Author Topic: rdgrad crashes in parallel  (Read 5256 times)

jan

  • Jr. Member
  • **
  • Posts: 11
  • Karma: +0/-0
rdgrad crashes in parallel
« on: September 01, 2009, 10:52:00 am »
Sorry for posting the second question i a row but I have encountered serious problems running a geometry optimization in parallel mode.
I think the problem is with the rdgrad module because when I start a calculation in parallel I crashes with the following message in the slave1.output:

  this is node-proc. number 1 running on node
 bx10                                                                           
 
  the total number of node-proc. spawned is            7
  parallel platform: SMP or SMP like systems
  call pa_barr(90)

 data group $actual step is not empty
 due to the abend of ridft


 check reason for abend ...

 use the command  'actual -r'  to get rid of that


  CONTRL dead = actual step
 rdgrad ended abnormally


The calculation start just fine an the first ridft-step is performed in parallel without error (I check the running task on the node just after submitting the job)
but then it crashes with the message above. Strange is that I have running calculation with with 3 or 4 cpu-cores in use which seem to run just fine.
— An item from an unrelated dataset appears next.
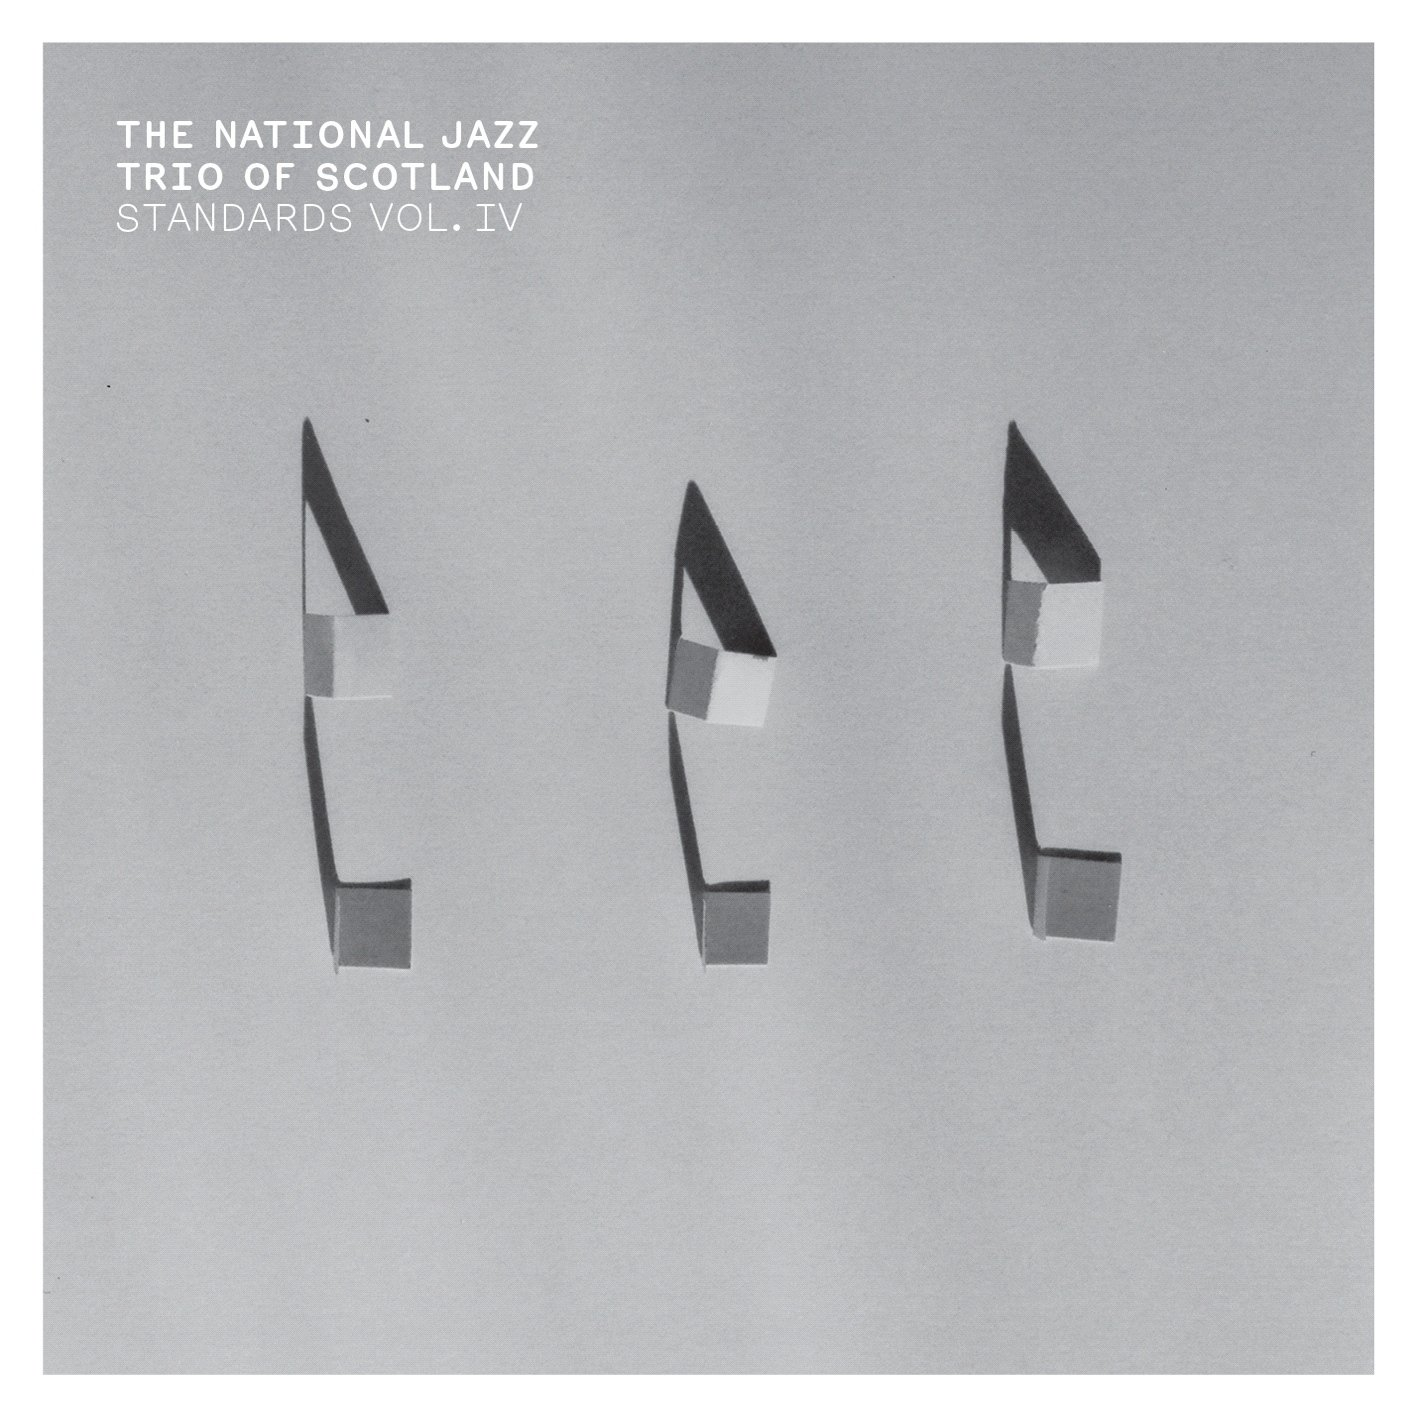 Vinilo : National Jazz Trio of Scotland - Standards Vol. Iv (LP Vinyl)

I the above case
i used 7 cpu-cores.
Anyone know where my problem is?

Regards Jan

jan

  • Jr. Member
  • **
  • Posts: 11
  • Karma: +0/-0
Re: rdgrad crashes in parallel
« Reply #1 on: September 03, 2009, 09:45:53 am »
in addition:
I test the same job above with 4 cores (3 +1 server task)  and there was no error. But when I select more than 4 it alway crashes
with the message above.
Regards Jan